A core and disturbing feature of substance-related and addictive disorders is their persistence despite real and serious negative consequences to the individual. These consequences can include relationship breakdown, job loss, adverse medical and health outcomes and incarceration. They represent a large part of the human toll of addiction.

Following the groundbreaking work of Deroche-Gamonet et al. [1], it has been increasingly popular to model this aspect of human addiction in non-human animals by punishing the drug-seeking response. Here, laboratory animals are initially trained to self-administer a drug and then this behaviour is punished, typically using footshock or another aversive event. This approach makes sense.
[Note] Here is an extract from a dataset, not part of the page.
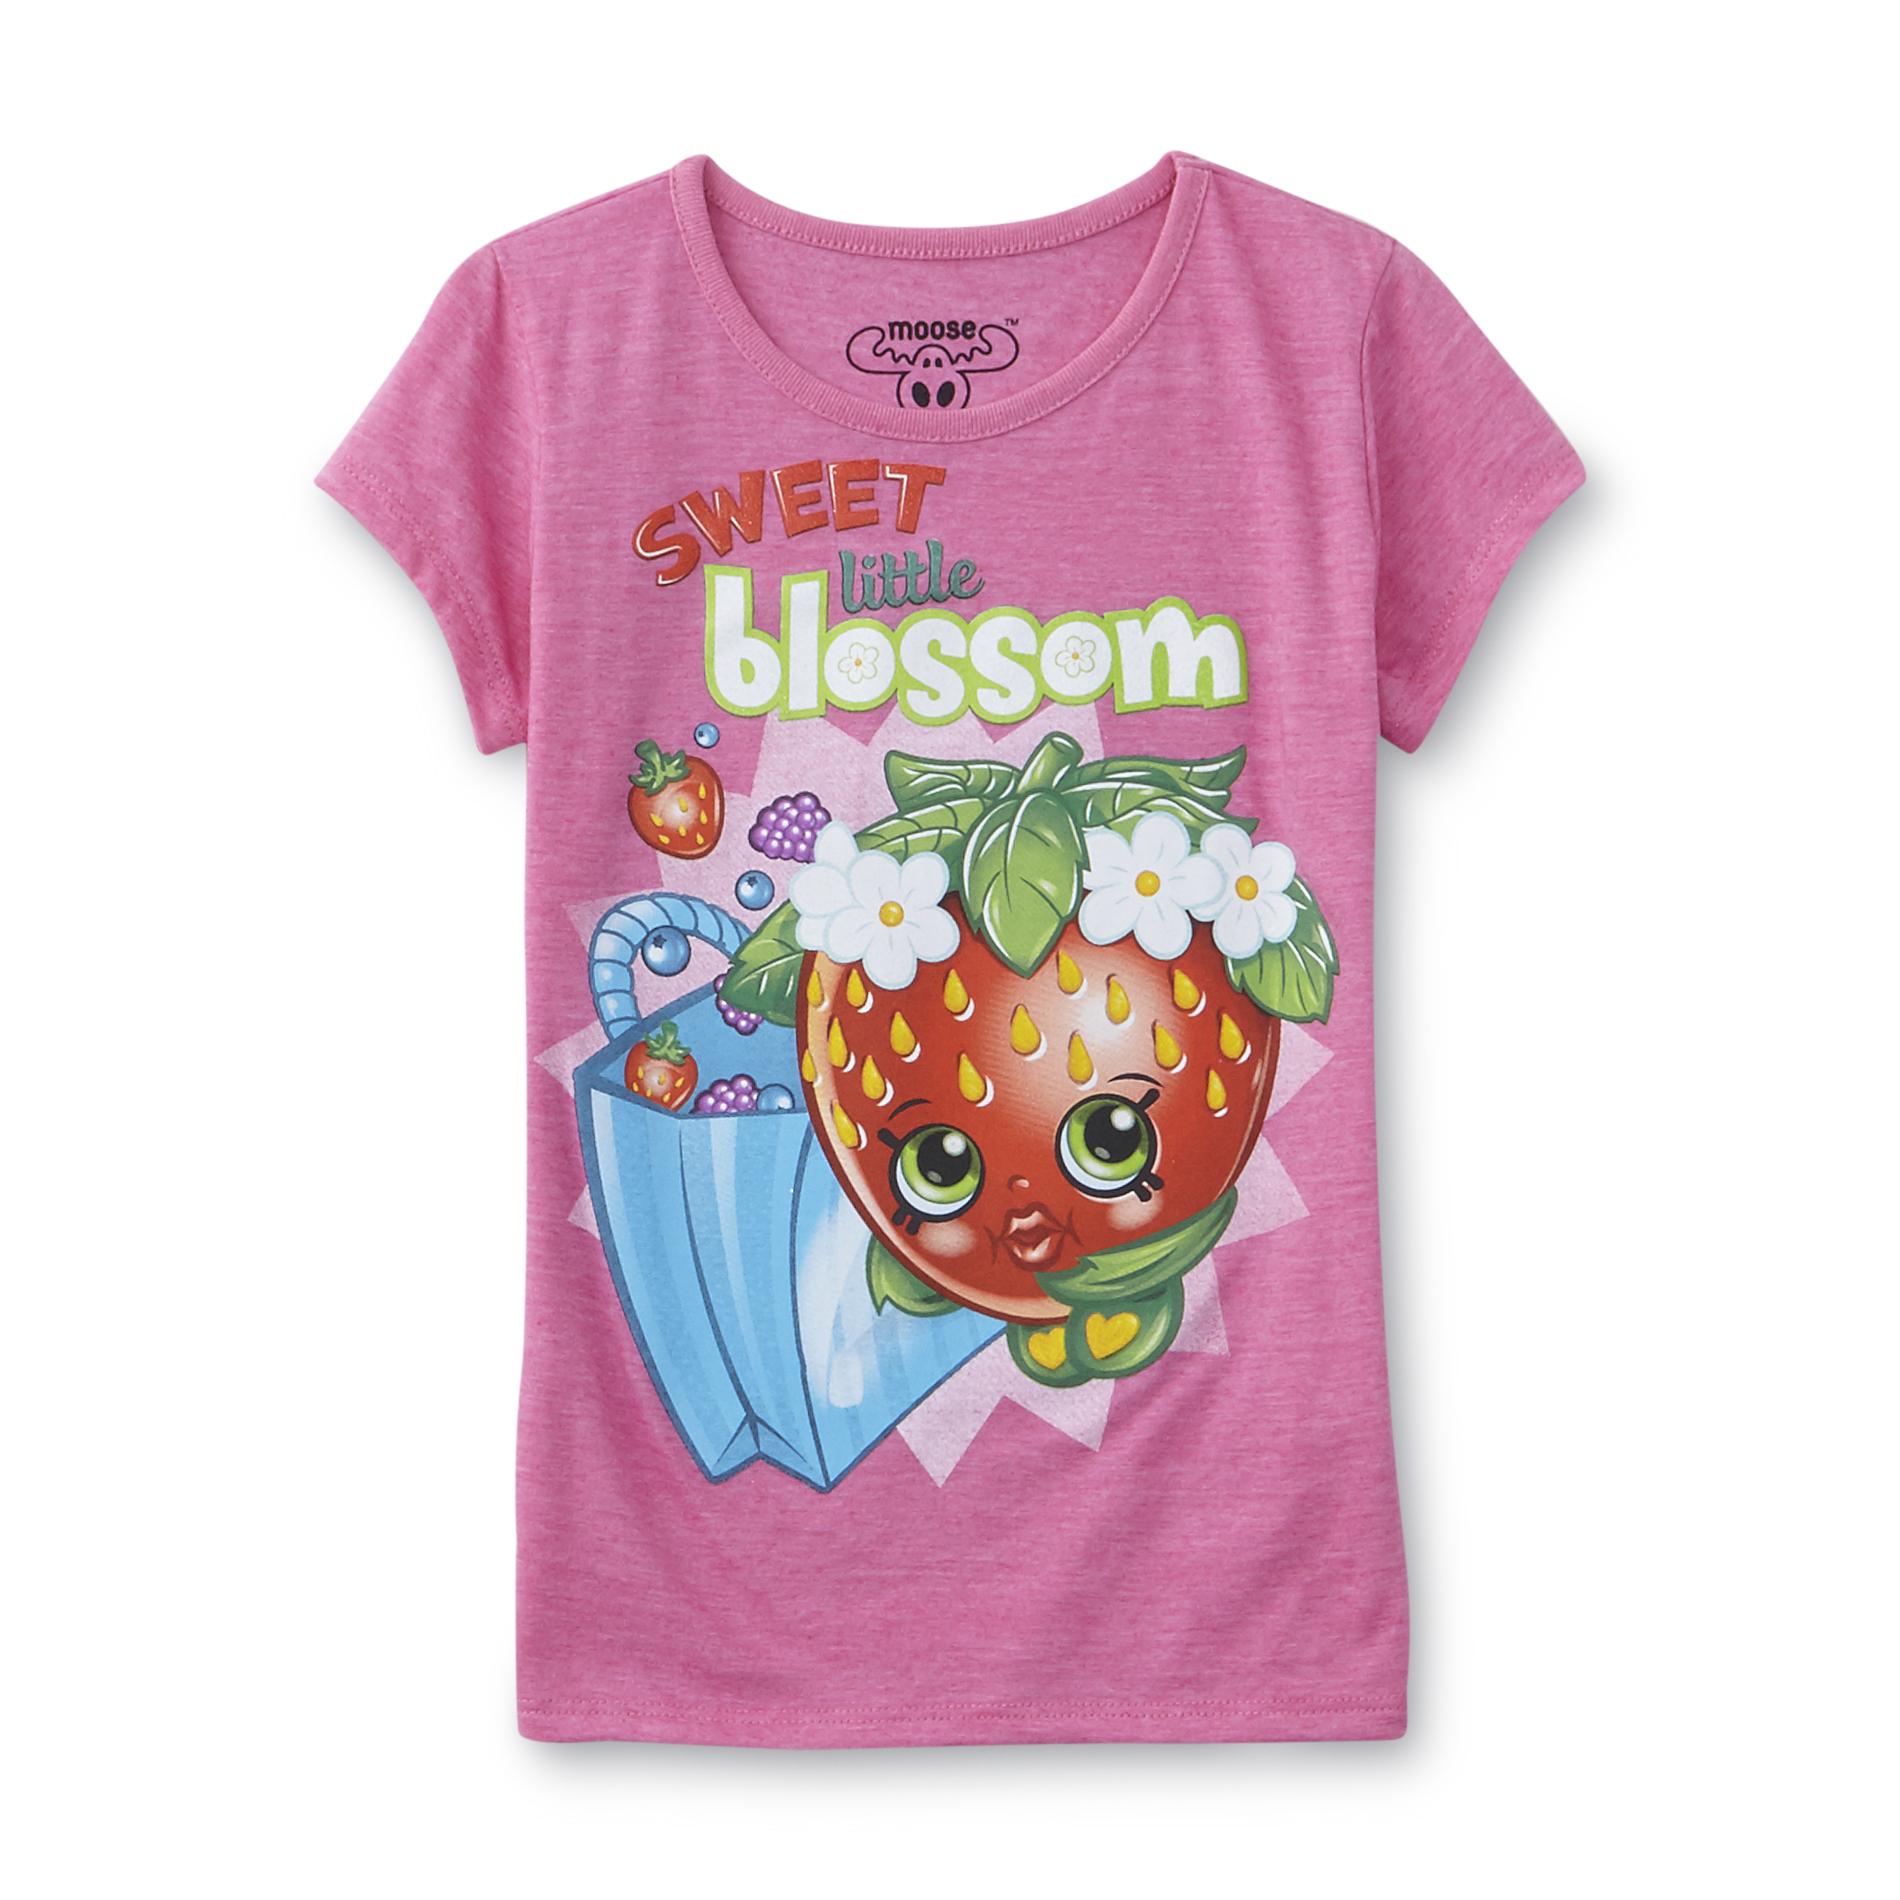 Shopkins Girl's Graphic T-Shirt - Strawberry Kiss

It can be used to understand why some laboratory animals discontinue drug-seeking in the face of adversity and it can be further used to identify individuals that persist in drug-seeking and taking despite the punishment, and so express a punishment-resistant, compulsive or ‘addiction-like’ phenotype.

In a clever series of experiments, Durand and colleagues [2] report how sensitivity to punishment changes with experience. They first show that mild footshock punishment is ineffective at reducing cocaine self-administration. Rats punished with this mild footshock would continue to seek cocaine. This is unsurprising; the rats had received many days of cocaine self-administration training and the cost (punishment) of responding was relatively low. Then, Durand et al. increased the intensity of punishment. Eventually, there was near complete suppression of cocaine-seeking. The interesting finding was that when rats were allowed to recover their responses in the absence of punishment and then re-tested at the previously ineffective lower intensity punishment, these lower intensities could now suppress cocaine-seeking.
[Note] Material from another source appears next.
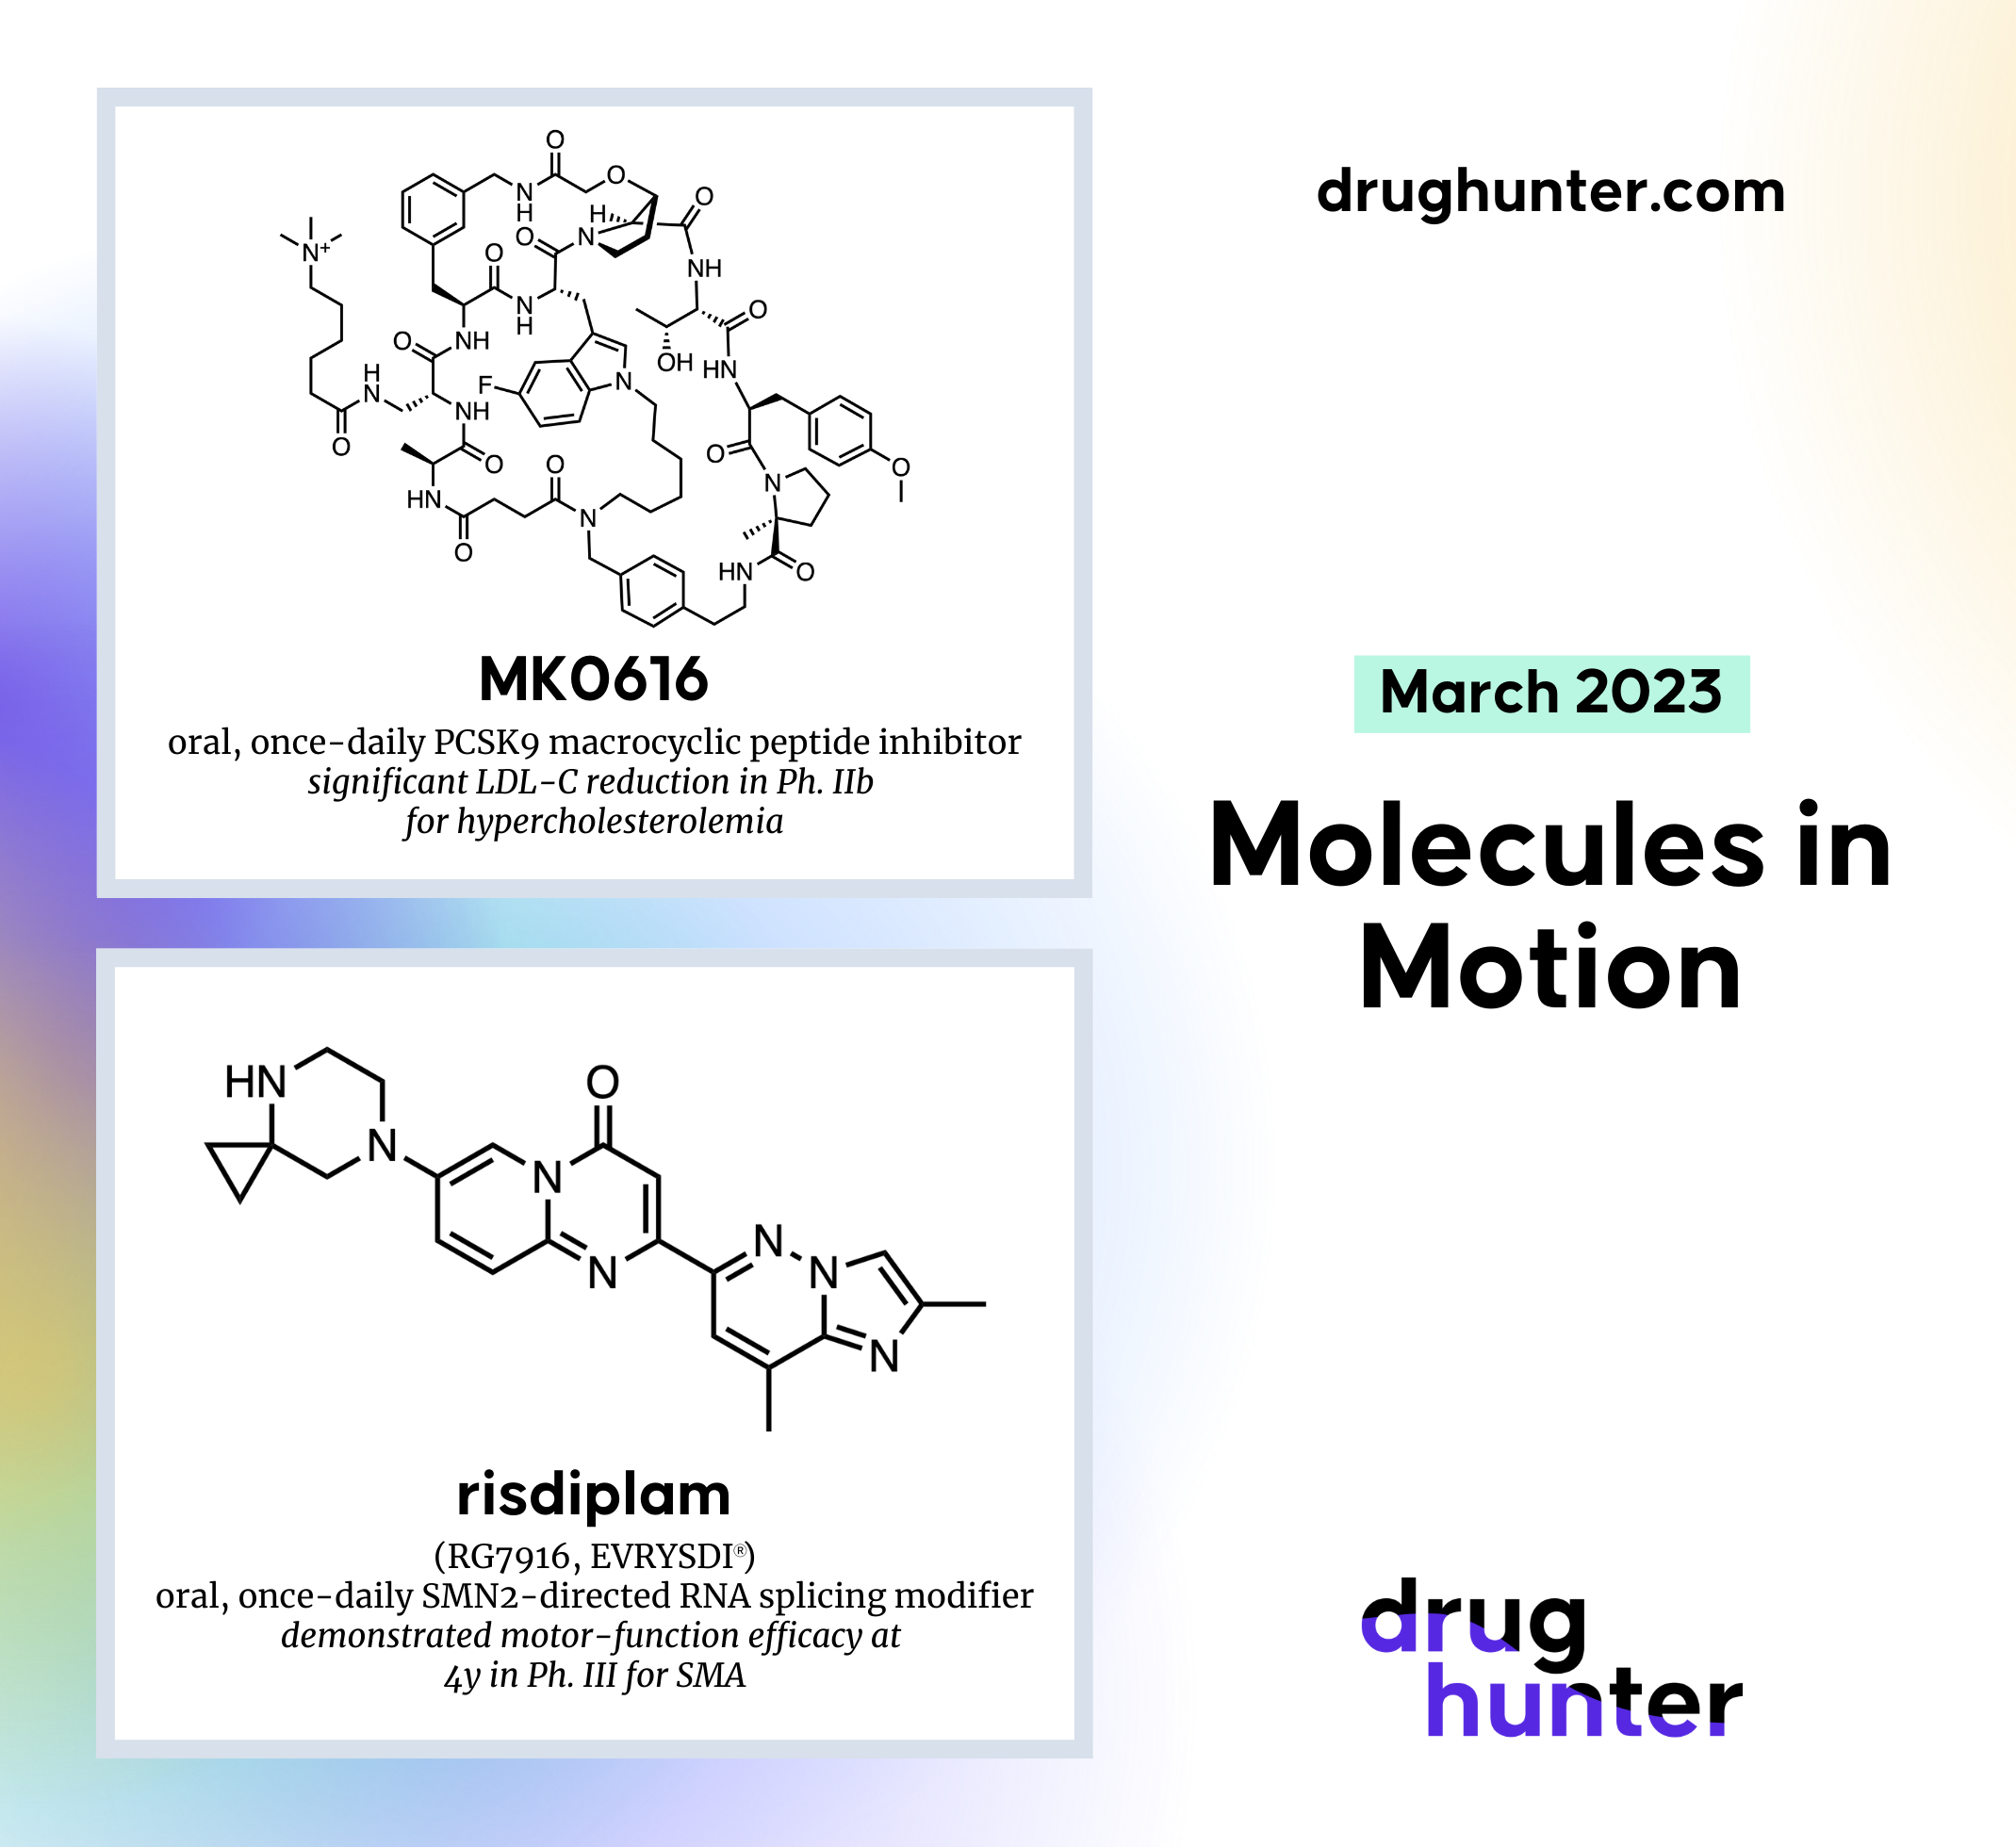 molecules in motion, march 2023, MK0616, risdiplam|||||||||||

Follow-up experiments provided key insights into this phenomenon. The effect was only observed if the rats were punished with higher shock intensities, not if these shocks were delivered response-independently, precluding mechanisms independent of the punishment contingency (e.g., sensitisation to shock, fear conditioning). This effect did not generalise to a different punisher (histamine injections). Furthermore, this effect persisted if tested intermittently, but not if tested daily with the lower intensity shock punisher.

The finding that milder punishers are more effective after intense punishment matches observations from previous studies using natural rewards [3]. It is reminiscent of hysteresis—a sensitivity to history in biological systems, such as cell signalling and gene expression. Moreover, the opposite can also be true: intense punishment can be less effective following weak punishment [3]. So, the effectiveness of punishment is not invariant within an individual.

The underlying mechanism(s) for these findings remain elusive. The simplest explanation is that the rats sensitise to footshock. However, this is unlikely based on Durand and colleagues’ findings (see above). An alternative possibility is that this effect depends on how and when action values are retrieved and updated. For example, severe punishment may update the punished action’s value. Subsequent weak punishers that share sensory properties with severe punishers can invoke this updated value. Regular testing with weak punishment promotes a re-updating of action value and a return to more modest suppression, whereas intermittent testing only permits retrieval of previously learned values without updating. Clearly, more work is needed to understand this.

Durand et al. findings have important implications for how we think about punishment and how we use it to make inferences about the underlying causes of behaviour. Persistent drug-taking may well shift an individual’s punishment-responsivity curve towards insensitivity, but the effects of a given punisher on cocaine-seeking, or indeed any behaviour, are not invariant. Rather, these effects depend on complex learning and motivational processes that determine whether, when, and by how much punishers will suppress a behaviour.

This conclusion will come of no surprise to students of animal learning, who have long recognised that the contingencies and circumstances within which punishment is experienced determine whether and how punishment suppresses behaviour [3]. Indeed, profound insensitivity to punishment has been observed under conditions of relatively severe punishment and clear aversive motivation [4], an effect attributable to failed response-punisher association learning. So, insensitivity to punishment can emerge for a number of reasons.

Punished drug-seeking remains an important model for the field. But, as the findings of Durand et al. underscore, perhaps it is time to examine the root causes of behaviour in these tasks. A profitable line of enquiry may be to understand the extent to which drug-seeking becomes punishment-resistant through dysfunctional motivations [1], impaired encoding of punishment associations [4], and/or as an emergent property of reduced behavioural control or steeper punishment discounting (see ref. [5]), amongst other potential mechanisms. This subtle shift in focus towards behavioural mechanisms may move us closer to a deeper and more accurate understanding of, and treatments for, decision making in substance-related and addictive disorders.